Üzerimi değiştirdim oturuyordum. Mesaj geldi. Baktım Murat. "İyi akşamlar rahatsız etmedim umarım." yazmış. "Estağfirullah size de iyi akşamlar." dedim. Sonra bir mesaj daha geldi. "Hep yarışma programları mı izlersin? Güzel dizilerde var. Onlara bakmıyor musun?" yazmış. Bu ne demek böyle diye mesajı düşünürken dank eti. Televizyon açıktı ve bir yarışma programı vardı. İnanılmaz korktum. Belki güleceksiniz bana ama telefonumu kapattım tamamen. Sanki beni telefonun kamerasından görüyormuş gibi düşündüm bir an. Saçmaladığımı anlamam uzun sürmedi. Ancak çok korkmuştum tabi. Düşünsenize size biri o an ne yaptığını anlatan bir mesaj atıyor. Yerimde olsanız ne yapardınız. Yazmaya karar verdim. Bende "Ne diyorsun sen, ne izlediğimi nerden biliyorsun?" dedim. Bir mesaj daha geldi. Çay kaynamış gülücük. Ben ocağa çay koymuştum demlenmesini bekliyordum bir taraftan.

Tabi iyice korktum ben.

Hemen ablayı aradım anlattım. Abla böyle böyle bu çocuk bana mesaj atıyor dedim. Abla da "Çocuğun 6 hisleri kuvvetli sende gördün zaten. Rahatsız oluyorsan söyle bir daha yazmaz." dedi. "Ben tam rahatsız oluyorum yazma lütfen." yazacaktım. Daha yazmam bitmeden hop bir mesaj daha. "Neden rahatsız oldun ki benden sana zarar gelmez. Aksine istersen seni korurum bile." dedi. Sonra da aradı. Korksam da açtım. "Ne demek oluyor tüm bunlar. Beni rahatsız ediyorsun, korkutuyorsun." dedim. Korkma benden. Seninle çok iyi anlaşacağımızı düşünüyorum. "Bir şans ver bu arkadaşlığa." dedi. "İstemiyorum." dedim kapattım. Ama böyle bitmedi tabi. Numarasını engellesem de farklı numaralardan bana mesaj atmaya devam etti. Hep o an ne yaptığımı söylüyordu. Bana hep gözünün üstümde olduğunu hissettiriyordu. Bir süre sonra bunaldım bu durumdan numaramı da değiştirdim.

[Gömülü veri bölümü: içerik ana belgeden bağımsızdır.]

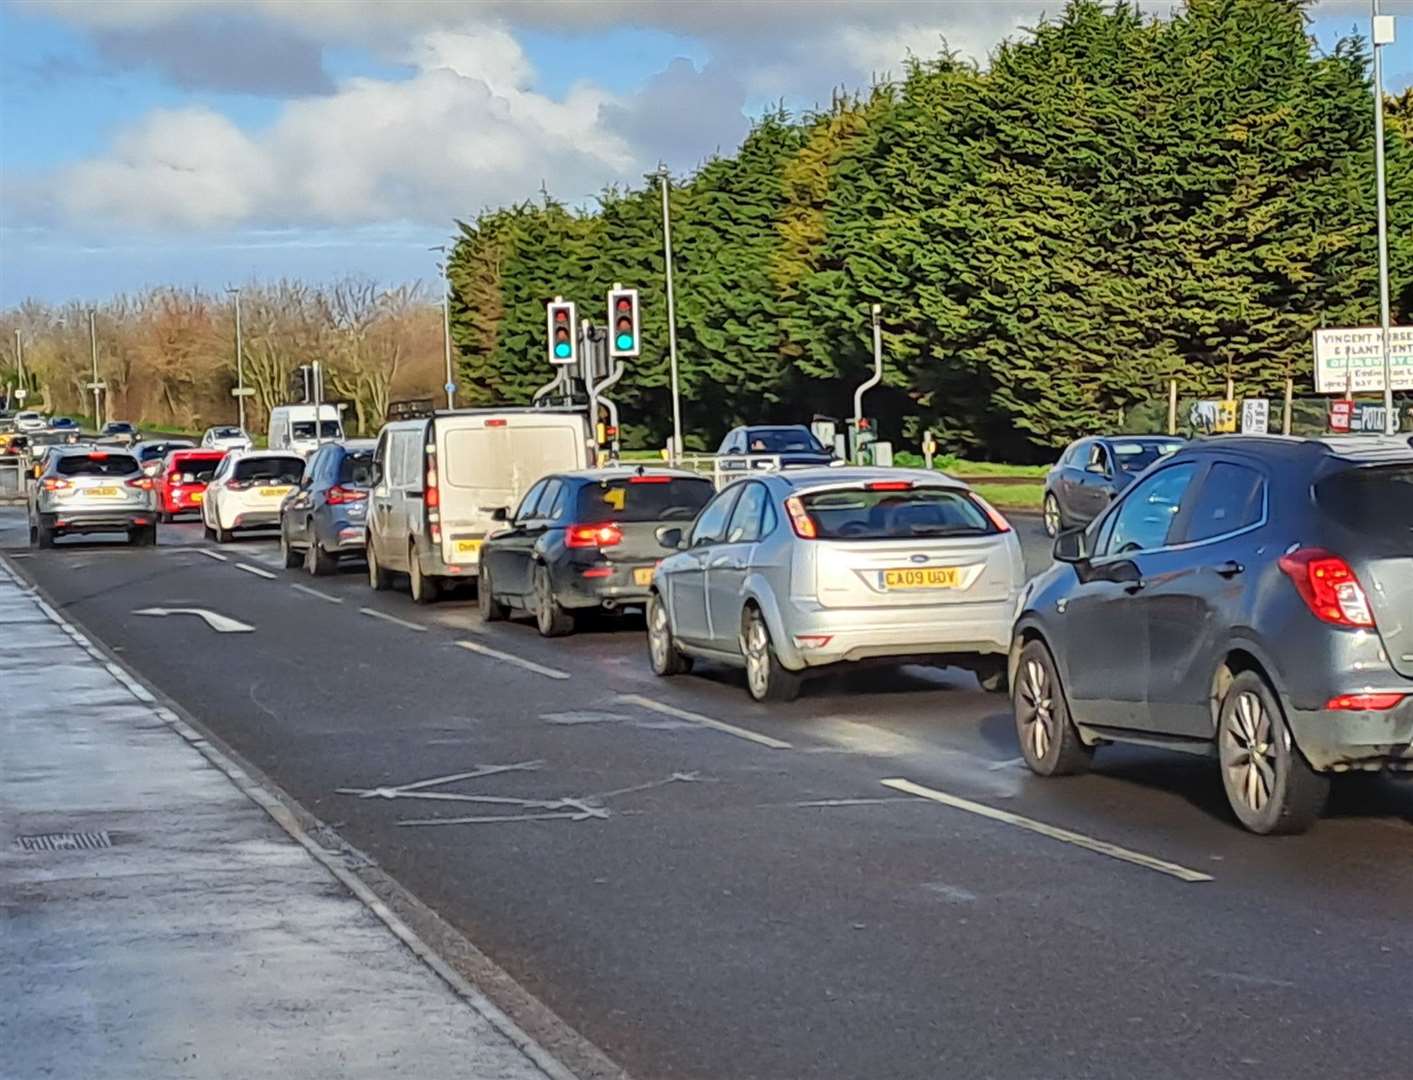 The Old Thanet Way was gridlocked on Monday morning as vehicles came off the A299

Ancak ne oldu dersiniz. Yine buldu beni. Ablaya durumu defalarca anlattım. O da şaşırıyordu "Benim yüzümden oldu." diyordu ama bir çözüm bulamıyordu. En son ben iyi bir havas hocasına gideyim dedim. Araştırdım araştırdım buldum. Hoca bana o kişinin bir çok cini olduğunu sürekli benim yanıma gönderdiğini söyledi. Yanına gittiğim ilk gün cini de benimle evime kadar gelmiş. Bütün haberleri ondan almış. "Neden yapmış bunları?" dedim. "Sana aşık olmuş. Kendine bağlamaya çalışmış." dedi. Bana koruma yaptı hoca. "Seni hiçbir cin izleyemeyecek. Hatta bulunduğun yerde bulunamayacak eğer bu muskayı hep takarsan." dedi. Hiç çıkarmadım zaten. Tuvalet banyo hariç. O yüzden oralardan da çabuk çıkmaya çalışıyorum. İçerde korumasızım çünkü. Çok şükür bir sorun da yaşamadım. Aman falcıya falan gitmeyin. Ben gittim işte böyle başıma gelmeyen kalmadı. Hem de çok günah zaten. Allah affetsin beni. Umarım ders olur birileri için. Sevgiler...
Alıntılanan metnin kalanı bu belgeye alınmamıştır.